In a study published in Science Translational Medicine, researchers from Japan’s Nagoya University documented how Fusobacterium may play a key role in spurring the development of endometriosis. After analysing tissue samples from women with endometriosis, they found that the majority of patients had Fusobacterium in their uterine lining. Based on these findings, GlobalData believes that the eradication of this bacterium by a non-hormonal antibiotic treatment may represent a promising approach to treating endometriosis for women who are positive for Fusobacteria infection, as well as for those women with endometriosis trying to conceive or who do not wish to use hormone treatments.
Endometriosis is a common gynaecological condition that can manifest as a variety of painful symptoms, including chronic pelvic pain, severe and frequent cramps during menstruation (dysmenorrhea), and genital pain during sexual intercourse (dyspareunia). Despite affecting nearly one in ten women, it can take eight years on average for a diagnosis after initial symptom onset. A key reason for this lag is that researchers still do not know exactly how endometriosis occurs, except that the flow of menstrual blood backward through the fallopian tubes plays a role in some cases. However, mounting evidence suggests that bacteria may also be involved.
In the above-mentioned study, researchers documented how Fusobacterium might stimulate the development of endometriosis. The researchers analyzed tissue samples from 79 women with endometriosis and 76 without, all of whom had surgery at Nagoya University Hospital and Toyota Kosei Hospital in Japan. They found that 64% of patients with endometriosis had Fusobacterium in their uterine lining, versus fewer than 10% of women in the control group. Further supporting this evidence, vaginal swabs from these patients also showed a much higher prevalence of the bacteria in those with endometriosis than in those without the disease.

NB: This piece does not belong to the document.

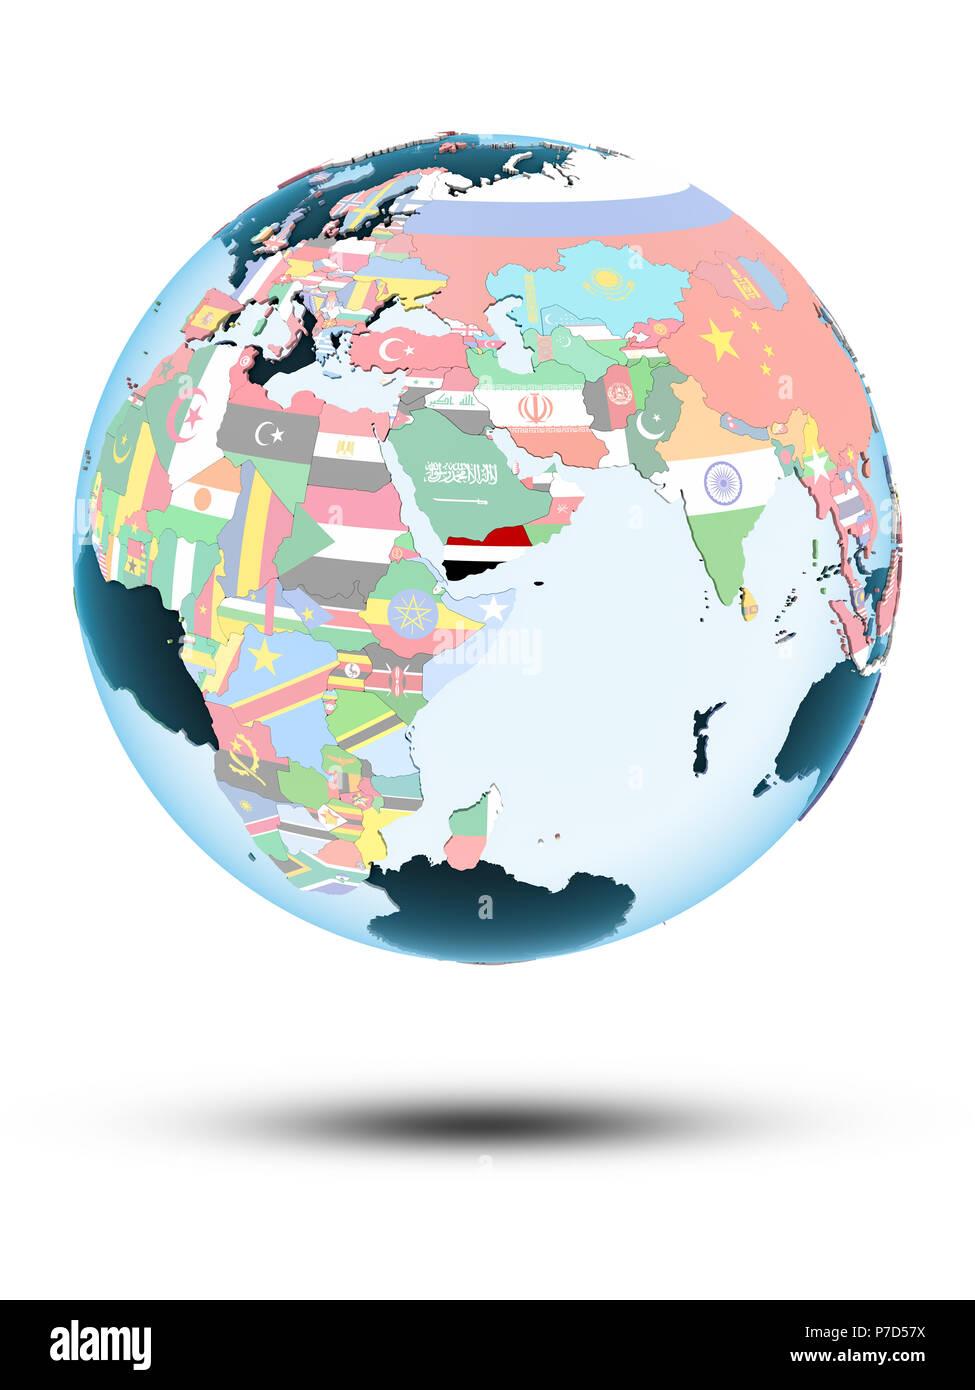 Yemen on political globe with shadow isolated on white background. 3D illustration. Stock Photo

To determine whether Fusobacterium affects the course of endometriosis directly, the team transplanted endometrial tissue from one set of mice into the abdominal cavity of another. Within weeks, endometriotic lesions formed in the recipient mice. The researchers also found that lesions were generally more abundant and larger in mice that had also been inoculated with Fusobacterium than in those that hadn’t. Treating the mice with the antibiotics metronidazole or chloramphenicol, administered vaginally, reduced the development of endometriosis and significantly reduced the number and size of the lesions.
The results of this study are compelling and provide a convincing and novel rationale for targeting Fusobacterium as a non-hormonal antibiotic-based treatment for endometriosis. However, while these findings are promising, research in this area is still in its infancy, and there are still a few key missing pieces. Indeed, more extensive research in humans is particularly important because mice, which do not menstruate or form spontaneous endometrial lesions, are limited as models of the condition. Moreover, it would be useful to further test the association between Fusobacterium and endometriosis in a more ethnically diverse population, as well as transgender and gender-diverse people, to determine whether the findings are representative of the wider endometriosis population. Nevertheless, the study gives important insight into what might be causing at least some cases of the complex condition that is endometriosis and, consequently, may represent an important step forward for the treatment of the disease.